Babu Elumalai is a Solutions Architect with AWS

Organizations are generating tremendous amounts of data, and they increasingly need tools and systems that help them use this data to make decisions. The data has both immediate value (for example, trying to understand how a new promotion is performing in real time) and historic value (trying to understand the month-over-month revenue of launched offers on a specific product).

The Lambda  architecture (not AWS Lambda) helps you gain insight into immediate and historic data by having a speed layer and a batch layer. You can use the speed layer for real-time insights and the batch layer for historical analysis.

In this post, we’ll walk through how to:

  1. Build a Lambda architecture using Apache Ignite
  2. Use Apache Ignite to perform ANSI SQL on real-time data
  3. Use Apache Ignite as a cache for online transaction processing (OLTP) reads

To illustrate these approaches, we’ll discuss a simple order-processing application. We will extend the architecture to implement analytics pipelines and then look at how to use Apache Ignite for real-time analytics.

A classic online application

Let’s assume that you’ve built a system to handle the order-processing pipeline for your organization. You have an immutable stream of order documents that are persisted in the OLTP data store. You use Amazon DynamoDB to store the order documents coming from the application.

Below is an example order payload for this system:

{'BillAddress': '5719 Hence Falls New Jovannitown  NJ 31939', 'BillCity': 'NJ', 'ShipMethod': '1-day', 'UnitPrice': 14, 'BillPostalCode': 31939, 'OrderQty': 1, 'OrderDate': 20160314050030, 'ProductCategory': 'Healthcare'}

{'BillAddress': '89460 Johanna Cape Suite 704 New Fionamouth  NV 71586-3118', 'BillCity': 'NV', 'ShipMethod': '1-hour', 'UnitPrice': 3, 'BillPostalCode': 71586, 'OrderQty': 1, 'OrderDate': 20160314050030, 'ProductCategory': 'Electronics'}

Here is example code that I used to generate sample order data like the preceding and write the sample orders  into DynamoDB.

The illustration following shows the current architecture for this example.

Your first analytics pipeline

Next, suppose that business users in your organization want to analyze the data using SQL or business intelligence (BI) tools for insights into customer behavior, popular products, and so on. They are considering Amazon Redshift for this. Amazon Redshift is a fast, fully managed, petabyte-scale data warehouse that makes it simple and cost-effective to analyze all your data using ANSI SQL or your existing business intelligence tools.

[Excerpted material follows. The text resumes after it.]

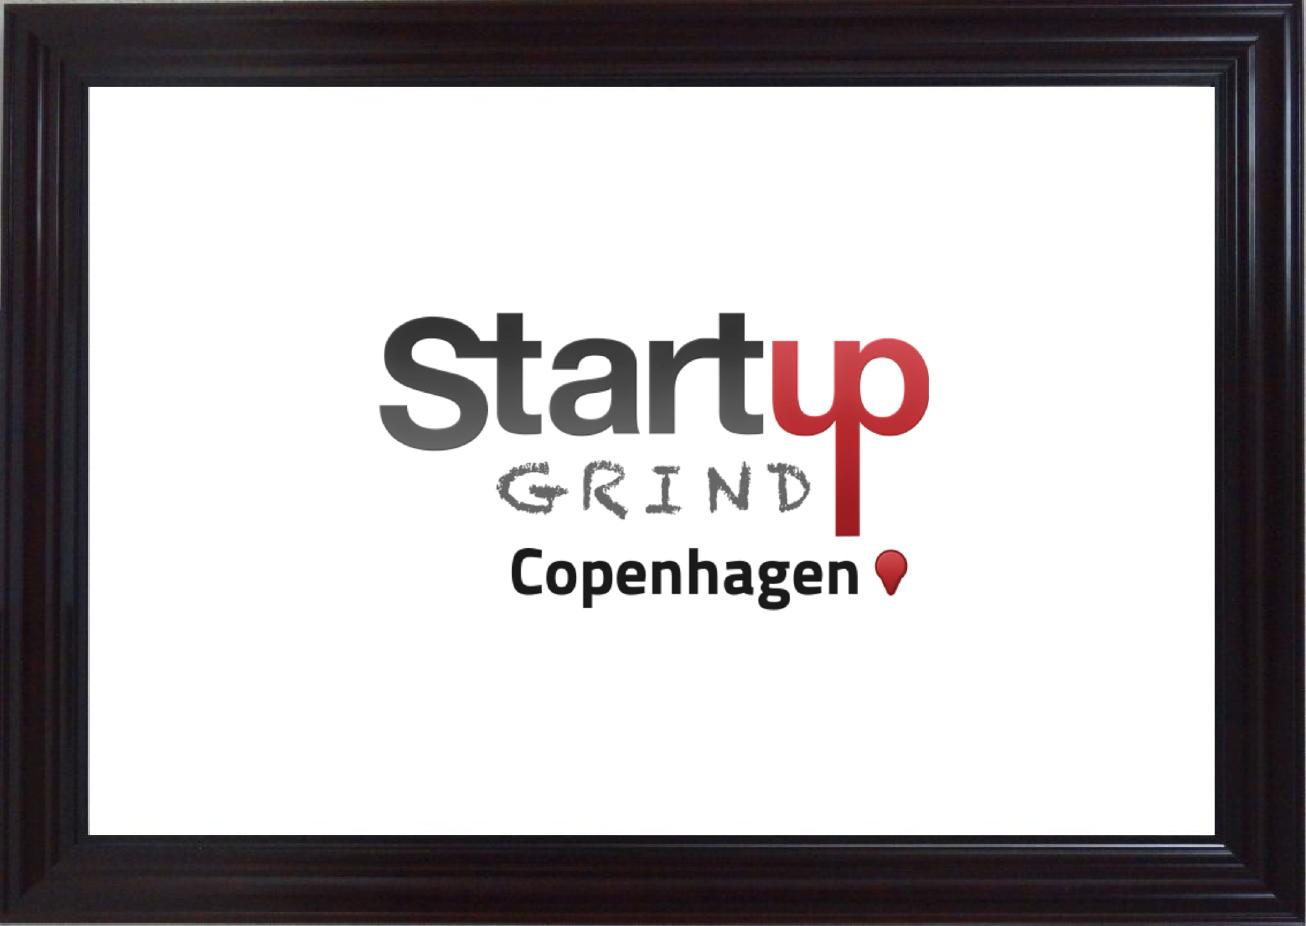 Startup Grind: Klaus Nyengaard

To use this approach, you have to build a pipeline that can extract your order documents from DynamoDB and store them in Amazon Redshift. Let’s look at the components we can use to build this pipeline:

  • DynamoDB Streams captures a time-ordered sequence of item-level modifications in any DynamoDB table and stores this information in a log for up to 24 hours. Applications can access this log and view the data items as they appeared before and after they were modified, in near real time.
  • AWS Lambda lets you run code without provisioning or managing servers.
  • Amazon Kinesis Firehose can capture and automatically load streaming data into Amazon S3 and Amazon Redshift, enabling near real-time analytics with existing business intelligence tools and dashboards.

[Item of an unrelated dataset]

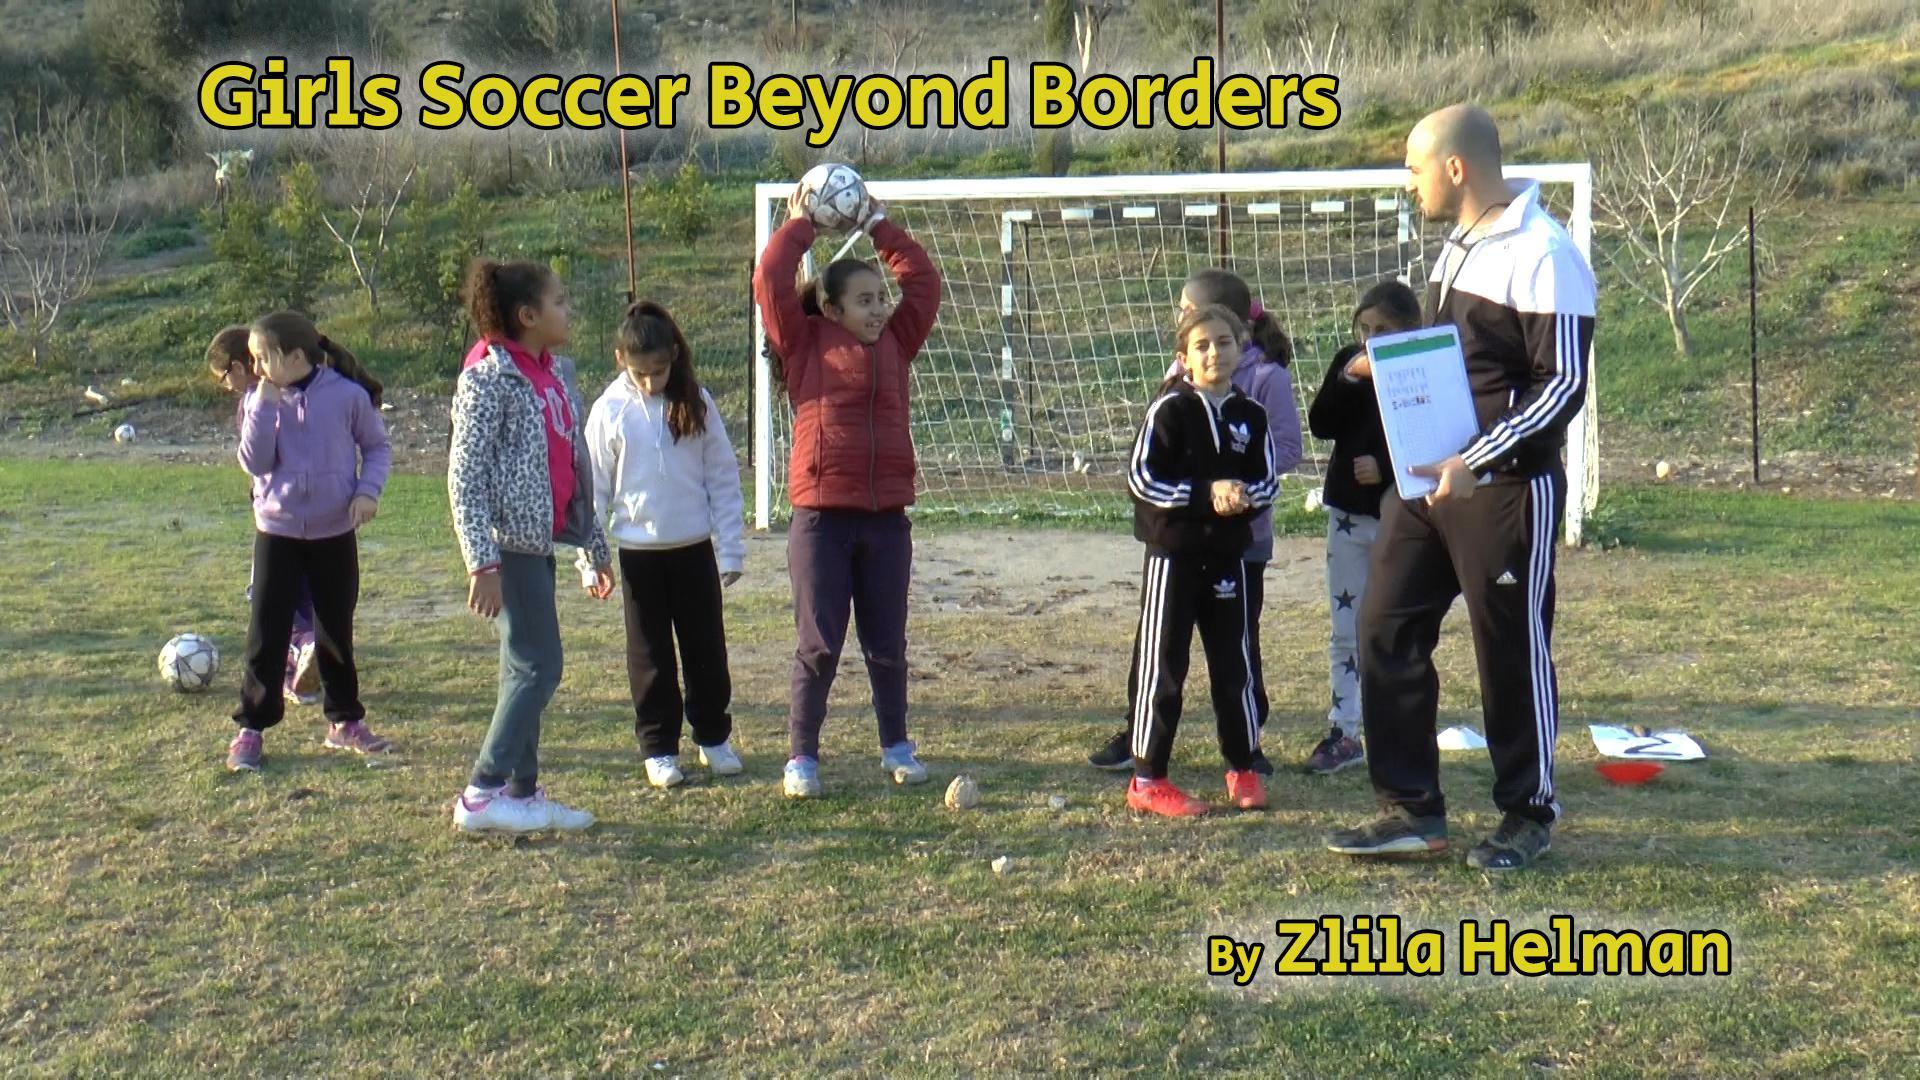 Girls Soccer Beyond Borders

You can connect DynamoDB Streams, Lambda, and Amazon Kinesis Firehose to build a pipeline that continuously streams data from DynamoDB to Amazon Redshift:

  1. Create your Amazon Redshift cluster in a VPC in the Amazon VPC service.
  1. Create your order tables in the Amazon Redshift cluster. For reference, use the example Create Table statement following.
create table orderdata(orderid varchar(100), orderdate bigint,ShipMethod varchar(10),BillAddress varchar(200),BillCity varchar(50), BillPostalCode int, OrderQty int, UnitPrice int, productcategory varchar(200))distkey(orderid) sortkey(orderdate,productcategory);

3.   Create a delivery stream in Amazon Kinesis Firehose that delivers incoming events to Amazon Redshift.

  1. Enable DynamoDB Streams on your DynamoDB table by using this approach. Once you’ve enabled DynamoDB Streams, every write to your DynamoDB table is available asynchronously in your streams.
  1. Create a Lambda function that reads the streams data and writes to the Amazon Kinesis Firehose delivery stream. You can follow the instructions in this blog post to create a Lambda function that will process the streams data. I have written example code in Python that processes the order stream data and writes to Firehose.

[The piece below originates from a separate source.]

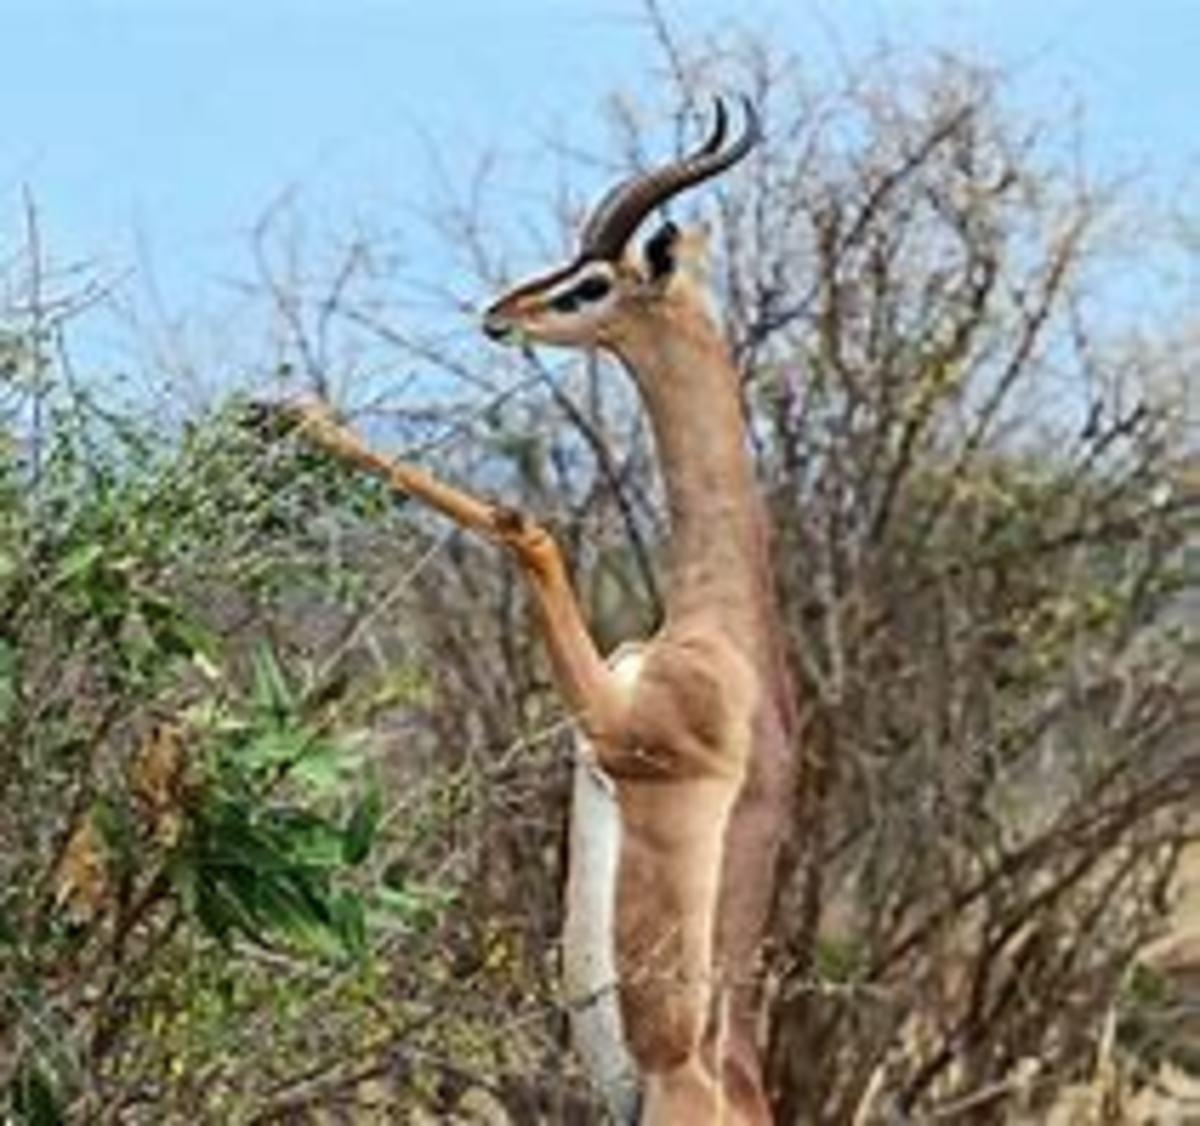 A Gerenuk looking for food

Using the preceding steps, you will build an architecture like the one below.

You can use an open-source BI solution like Apache Zeppelin to perform analytics on Amazon Redshift as shown above. Apache Zeppelin is available as a sandbox application on Amazon EMR. In the image below, the visualization shows the shipping methods that customers chose for their orders. Apache Zeppelin creates this visualization from Amazon Redshift.

SQL on the data streams

Business users have been content to perform analytics on data collected in Amazon Redshift to spot trends. But recently, they have been asking AWS whether the latency can be reduced for real-time analysis. At the same time, they want to continue using the analytical tools they’re familiar with.

In this situation, we need a system that lets you capture the data stream in real time and use SQL to analyze it in real time.

In the earlier section, you learned how to build the pipeline to Amazon Redshift with Firehose and Lambda functions. The following illustration shows how to use Apache Spark Streaming on EMR to compute time window statistics from DynamoDB Streams. The computed data can be persisted to Amazon S3 and accessed with SparkSQL using Apache Zeppelin.

Note: For this to work, use DynamoDBStreamsAdapterClient and integrate with Amazon Kinesis client library for Spark Streaming provided under the Amazon Software License (ASL).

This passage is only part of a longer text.